You can find more information on the ML page.


Big Data Visualization

Example visualizations

The increasing scale and accessibility of digital data provides an unprecedented resource for informing research, public policy, business strategy, and even our personal lives. Yet, acquiring and storing this data is, by itself, of little value. We must make sense of data in order to produce value from it. Turning data into knowledge is a fundamental challenge for both computer systems and user interface research: it requires integrating analysis algorithms with human judgments of the meaning and significance of observed patterns.
 
Our research in big data visualization seeks to enhance our ability to analyze and communicate data through the design of interactive visual analysis tools. We study the perceptual, cognitive, and social factors affecting data analysis in order to enable a broad class of analysts to more effectively work with data: to improve the efficiency and scale at which experts work, and lower the threshold for non-experts. Our work spans new visualization systems, the design of visualization and interaction techniques, and evaluation through both deployment and controlled experiments.
 
Example visualization

Big Data Architecture and Programming

We are exploring two distinct directions on architectures, programming and system support for Big Data. The first is on how emerging non-volatile resistive memory technologies such as phase-change memory (PCM) can enable new storage systems. The second is on enabling large-scale irregular parallel computation, such as graph analytics, to run well on commodity processors. Crunching large graphs is the basis of many emerging applications, such as social network analysis and bioinformatics. Graph analytics algorithms exhibit little locality and therefore present significant performance challenges. Hardware multithreading systems (e.g., Cray XMT) show that with enough concurrency, we can tolerate long latencies. Unfortunately, this solution is not available with commodity parts. Our goal is to develop a latency-tolerant system built out of commodity parts and mostly in software.

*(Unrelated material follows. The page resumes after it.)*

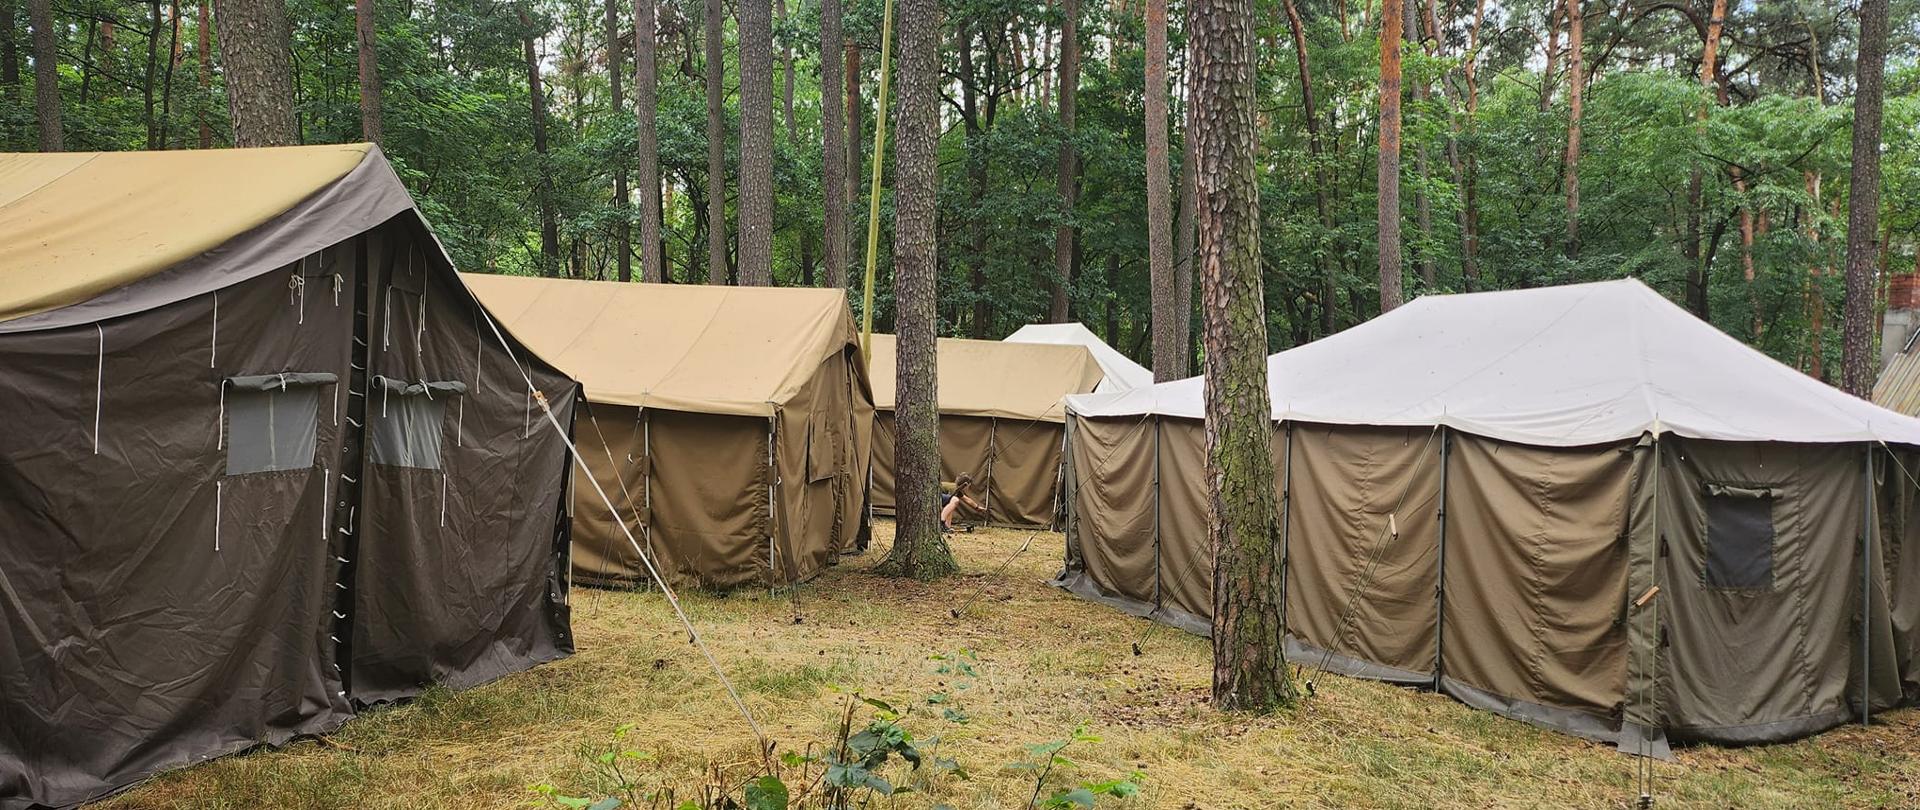 W lesie pomiędzy drzewami stoją cztery duże brązowe namioty

For more details, please visit our project websites:

Big Data Systems

Big Data challenges are also affecting many aspects of the operating systems that must drive novel types of machines and workloads. Two representative challenges that are being tackled in our department are the following:
 
Very large memory machines
 
DRAM prices continue to drop, and simultaneously, new workloads are emerging that combine a lack of locality with large data sets.  Together, these trends argue for building machines with very large amounts of physical memory.  In this project, we are exploring the architectural, OS, and application-level implications of large memory machines.  For example, at any moment, a TLB can only cover a tiny fraction of a 10TB physical address space;  does this matter, and if so, what architectural innovations can help?  As another example, are there any OS data structures or algorithms that scale poorly as the amount of physical memory grows very large?  As a third example, how can we speed up the bulk-loading of terabytes of DRAM as new applications launch, or the machine reboots?
 
Predictable tail-latency in large-scale data parallel systems
 
Distributed and large-scale data-parallel systems are designed to provide high throughput and low average latency.  However, the tail latencies (e.g., 99.9th percentile request latency) in these systems are also important, as stragglers introduced by high tail-latency events can slow down overall progress or impact interactivity.  In this project, we are exploring causes of tail latency across all layers of the stack, including local storage hardware, distributed storage systems, the communication stack, and the operating system.  As an example, we find that individually rare events, such as repartitioning fragments in a distributed storage system, become frequent at large scale, contributing to the latency tail.

Big Data on the Web

How can a computer accumulate a massive body of knowledge? What will Web search engines look like in ten years?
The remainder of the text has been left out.